Meeting Italy's most wanted man

ITALY: A Roman holiday proved a little too dramatic for one French family recently, writes Paddy Agnew

ITALY: A Roman holiday proved a little too dramatic for one French family recently, writes Paddy Agnew

The Serge family from Toulouse, France are unlikely ever to forget their Italian holiday in the summer of 2004. They travelled to the Eternal City doubtless dreaming of a Roman Holiday along Gregory Peck and Audrey Hepburn lines. In the end, they found themselves in a version of Roman Polanski's Frantic as they unwittingly got caught up in the police killing of Italy's most wanted fugitive.

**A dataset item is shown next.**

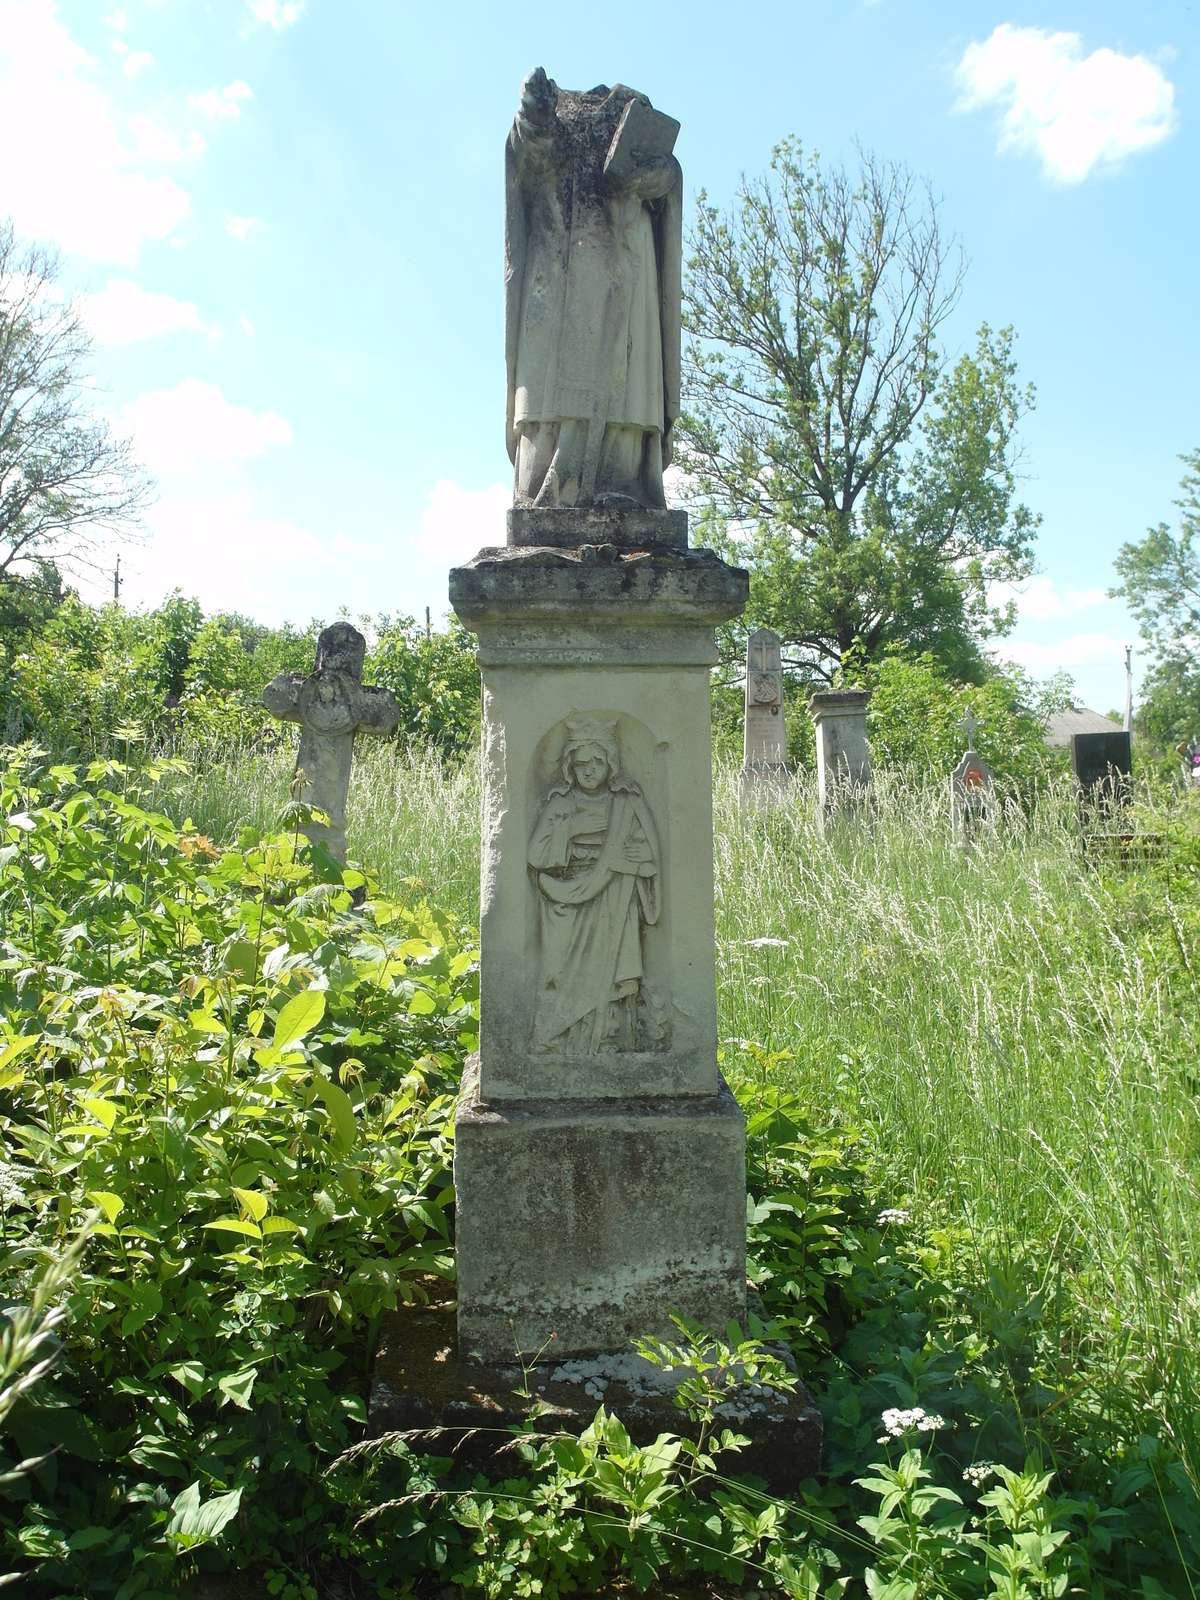 Tombstone of Catherine and Nicholas Stocki, Zbarazh cemetery, as of 2018.

The Serges, Jean-Louis, Anne Jeanne and their three children, were out on the tourist trail recently, looking at the Circo Massimo, site of chariot racing in ancient Rome, when the suffocating heat prompted them to seek refuge and refreshment at a little nearby kiosk, selling water melon and soft drinks. They were not to know it but their paths were about to cross with that of Luciano Liboni, Italy's most wanted man.

The most recent chapter in the life and death of Liboni had begun on July 22nd in the tiny Marche town of Pereto di Sant'Agata. Liboni, who escaped from prison two years ago whilst serving an eight year sentence for a variety of armed robbery crimes, had driven up to a little bar in the village on a motor bike that turned out to be stolen.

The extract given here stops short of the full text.